At α = 0.05, I rejected the null hypothesis, indicating that the association between current smoking and mentally unhealthy days differs by sex.
coef(model_B)
## (Intercept)
## 8.27317047
## physhlth_days
## 0.25396580
## bmi
## 0.03476085
## sexFemale
## 1.30893325
## smoker_currentCurrent smoker
## 0.96148125
## exerciseYes
## -0.83292911
## age_group25-29
## -0.45666216
## age_group30-34
## -1.17299902
## age_group35-39
## -1.12214553
## age_group40-44
## -2.01938410
## age_group45-49
## -2.91126327
## age_group50-54
## -2.79360556
## age_group55-59
## -3.78190967
## age_group60-64
## -4.54549146
## age_group65-69
## -5.15969531
## age_group70-74
## -5.52022406
## age_group75-79
## -5.79763994
## age_group80+
## -5.99565838
## income$15,000-$24,999
## -1.31893291
## income$25,000-$34,999
## -1.71869954
## income$35,000-$49,999
## -2.21506000
## income$50,000-$99,999
## -2.65878512
## income$100,000-$199,999
## -3.07510879
## income$200,000 or more
## -3.57453693
## educationGraduate or professional degree
## -0.26206215
## educationHigh school diploma or GED
## -0.58423626
## educationLess than high school
## -1.92177070
## educationSome college or technical school
## -0.29660903
## sexFemale:smoker_currentCurrent smoker
## 1.44209240
coefs <- coef(model_B)
effect_men <- coefs["smoker_currentCurrent smoker"]
effect_women <- coefs["smoker_currentCurrent smoker"] + coefs["sexFemale:smoker_currentCurrent smoker"]
effect_men
## smoker_currentCurrent smoker
## 0.9614813
effect_women
## smoker_currentCurrent smoker
## 2.403574
effect_women - effect_men
## smoker_currentCurrent smoker
## 1.442092
Among males, current smoking was associated with 0.96 more mentally unhealthy days, holding all other variables constant.

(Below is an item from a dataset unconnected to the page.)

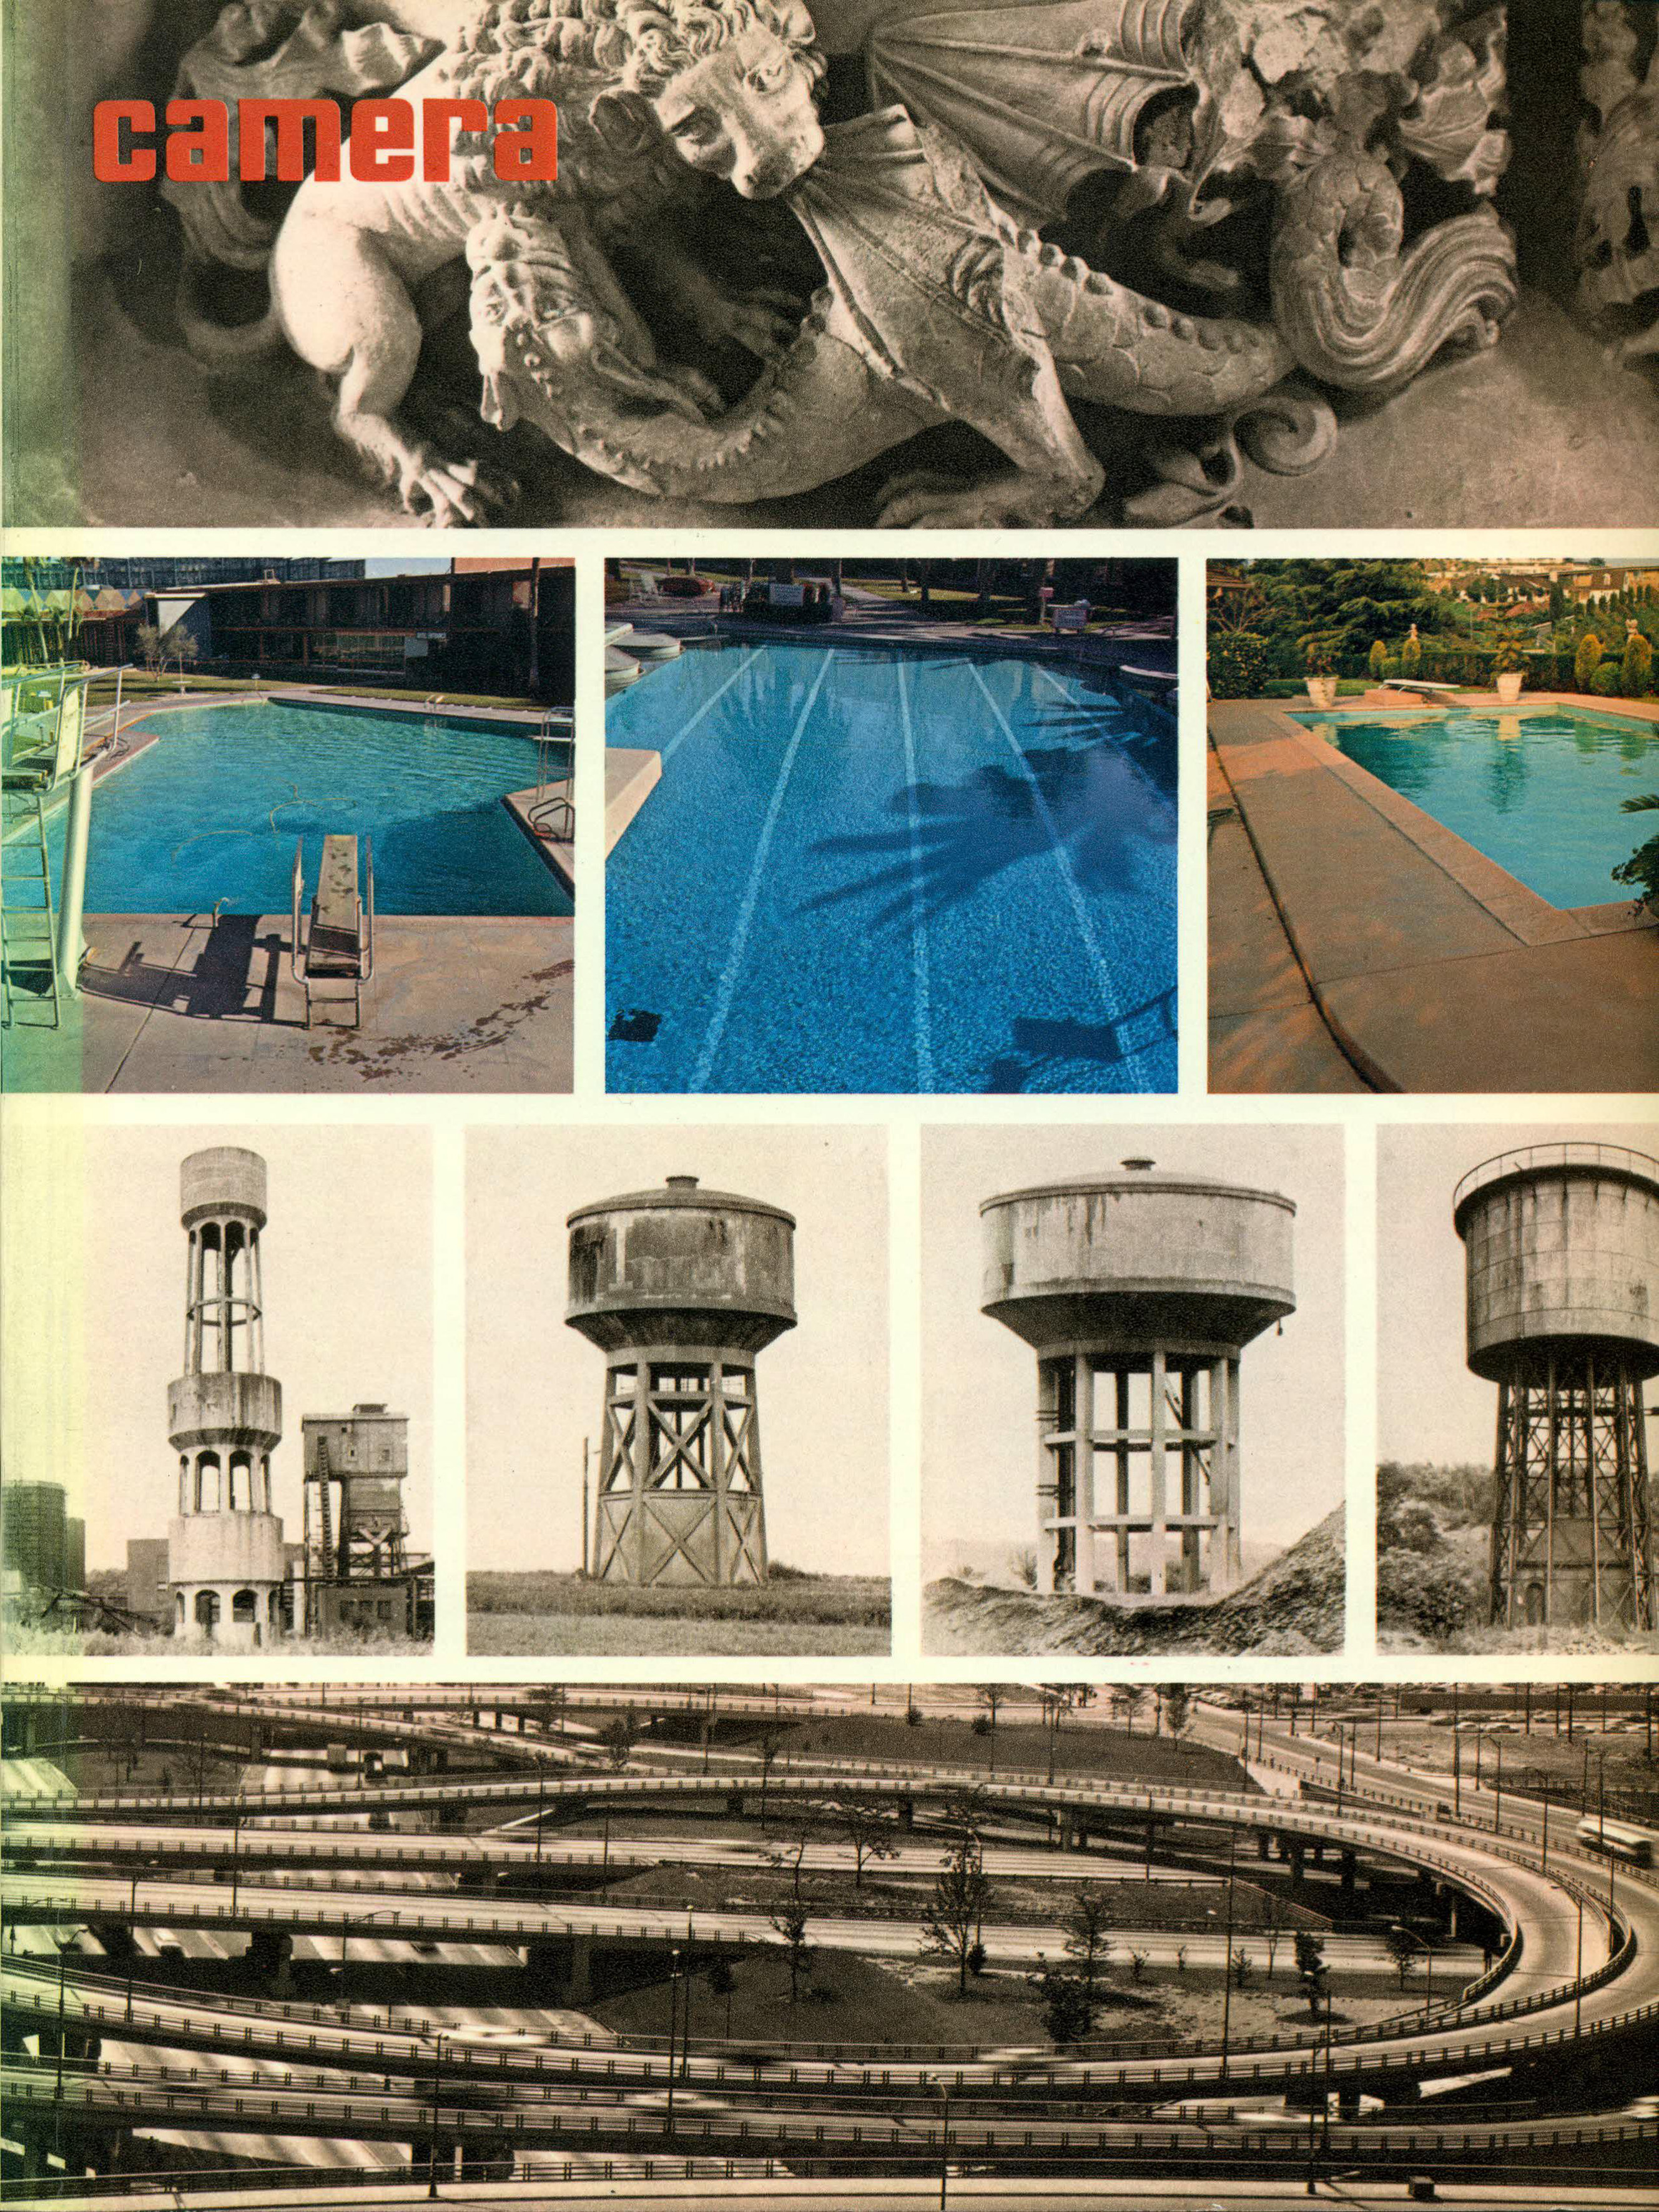  Camera Nr. 6, Juni 1972, C. J. Bucher Verlag Luzern, Schweiz, Titel. Evans, Platindruck; Ruscha, Ektachrome; Becher, Agfa; Sinsabaugh, Kodak Plus-X

Among females, the estimated effect of current smoking was 2.40 more mentally unhealthy days, holding all other variables constant.
Together, these estimates suggest that the association between smoking and mentally unhealthy days was stronger among females by about 1.44 days.
plot_dat <- ggpredict(model_B, terms = c("smoker_current", "sex"))
plot(plot_dat) +
labs(
title = "Predicted mentally unhealthy days by smoking status and sex",
x = "Smoking status",
y = "Predicted mentally unhealthy days",
color = "Sex"
)
## Ignoring unknown labels:
## • linetype : "sex"
## • shape : "sex"
The interaction plot shows the predicted number of mentally unhealthy days for each combination of smoking status and sex.
The relationship between smoking and mental health appeared to differ somewhat by sex. Current smokers reported more mentally unhealthy days than non-smokers in both groups, but the size of that difference was greater among females.
This suggests that the mental health burden associated with smoking may not be the same for everyone. From a public health perspective, smoking-related mental health interventions may need to account for differences across population groups.
This analysis showed that mentally unhealthy days were associated with several behavioral and demographic factors, particularly physical health, smoking, sex, age group, and income. Individuals with more physically unhealthy days and current smokers reported more mentally unhealthy days, while exercise and higher income were associated with fewer mentally unhealthy days.
A key limitation of this analysis is that the BRFSS is cross-sectional, meaning that causal relationships cannot be established. Additionally, unmeasured confounding variables such as stress, access to healthcare, or social support may influence the observed associations.
Adjusted R-squared is important because it accounts for the number of predictors in the model and prevents overestimating model fit. Chunk tests are useful because they assess whether groups of variables (like income or education) contribute to the model overall, rather than relying only on individual coefficient tests.
I used AI tools to assist with code troubleshooting and structuring interpretations, but I verified all results and interpretations independently.